The Adult Autism Crisis

In What Happens When They Grow Up, Newsweek, to its credit, focuses on the very real adult autism residential care crisis which exists in the United States (and in Canada). Newsweek is unable to provide any real solutions but hopefully the article will help focus the public discussion of autism on the very serious crisis confronting adults with autism disorders who can not care for themselves.

Not all "autistics" grow up to become researchers, Supreme Court of Canada litigants and college students, appear repeatedly on CNN with Dr. Gupta, or start "Autistic"rights movements. Some are more severely impaired, lacking basic communication skills and an understanding of the world and how to function in it.

Here in New Brunswick we have much to be proud of in terms of autism service delivery for autistic pre-schoolers and our schools are rapidly becoming a model second to none in North America for educating autistic students. But our autistic adult services are abysmal.

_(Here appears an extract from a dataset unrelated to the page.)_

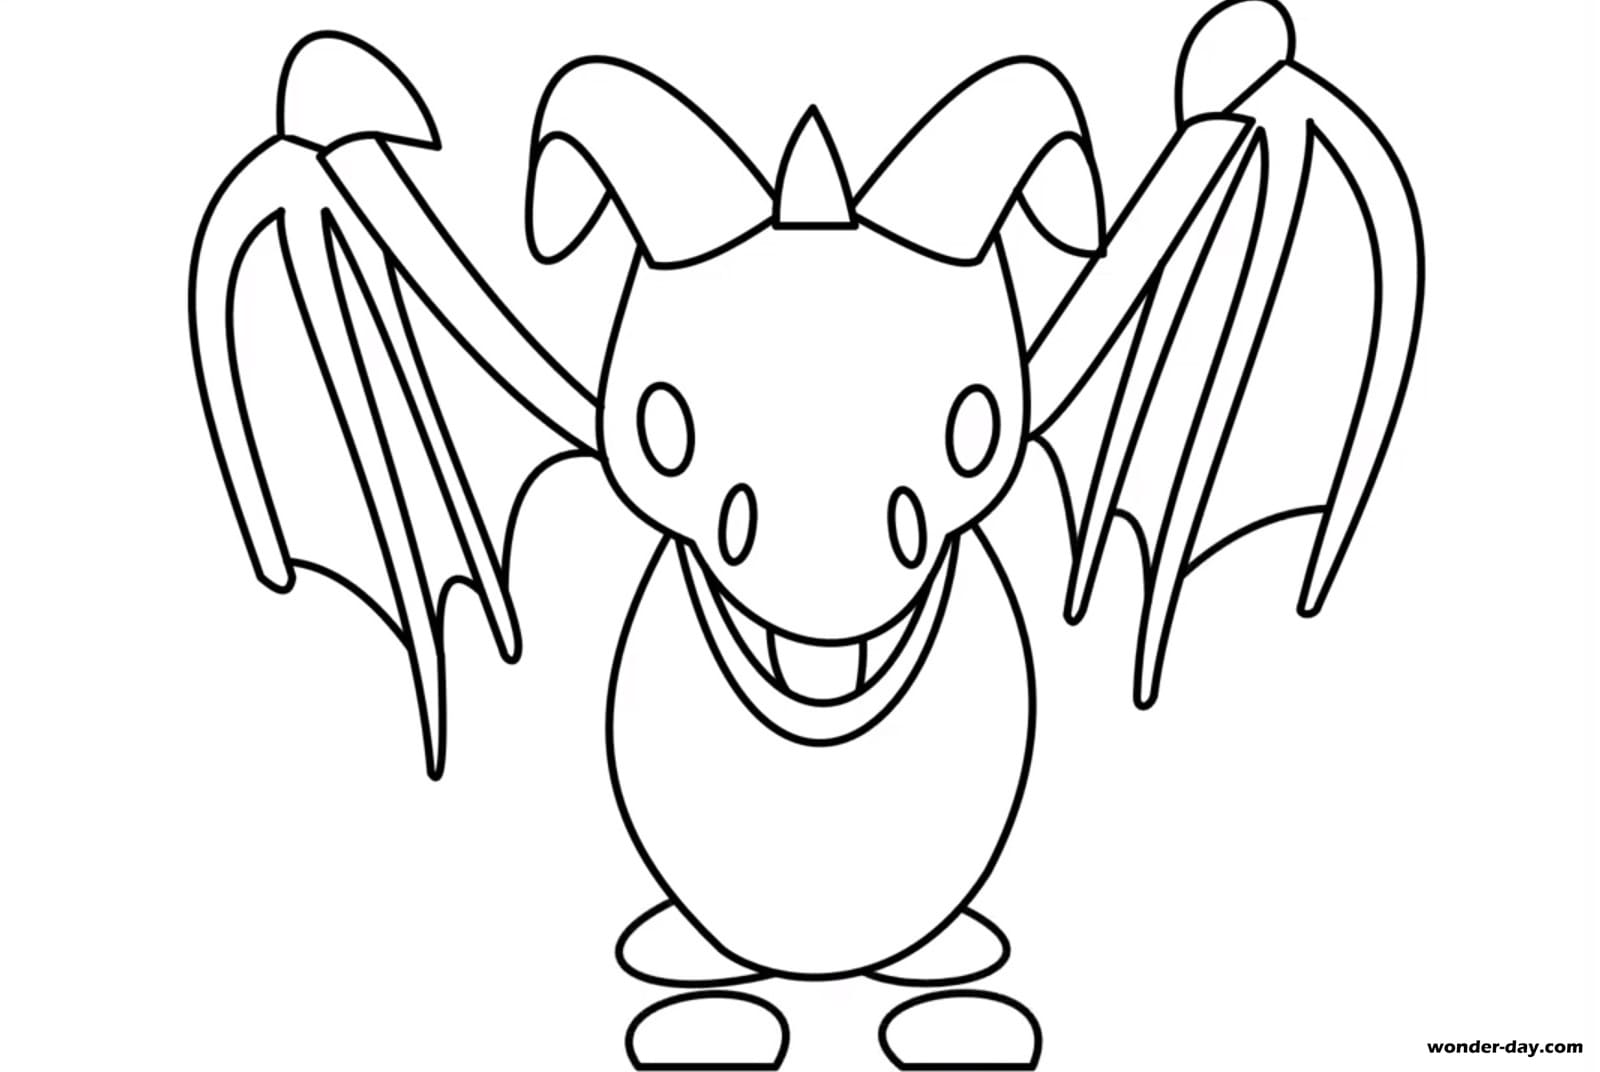 Coloring Pages Adopt Me Print For Free Wonder Day Com - frost dragon pets coloring roblox adopt me coloring pages

In New Brunswick our autistic adults in need of residential care are placed in privately operated group homes. The homes are not set up specifically for autistic adults and the staff are not trained to deal with autistic adults. The more severely autistic adults and older autistic youths in New Brunswick have been kept on the grounds of a correctional facility, on the ward of a general hospital, left with overwhelmed parents or exported to facilities elsewhere in Canada and the United States.

The adult autism crisis is not unique to New Brunswick but, unlike our services for preschool and school age autistic children, the adult care autism crisis here in New Brunswick is amongst the serious in North America. By literally exporting our autistic adults we are admitting that we have failed some of our most vulnerable New Brunswickers.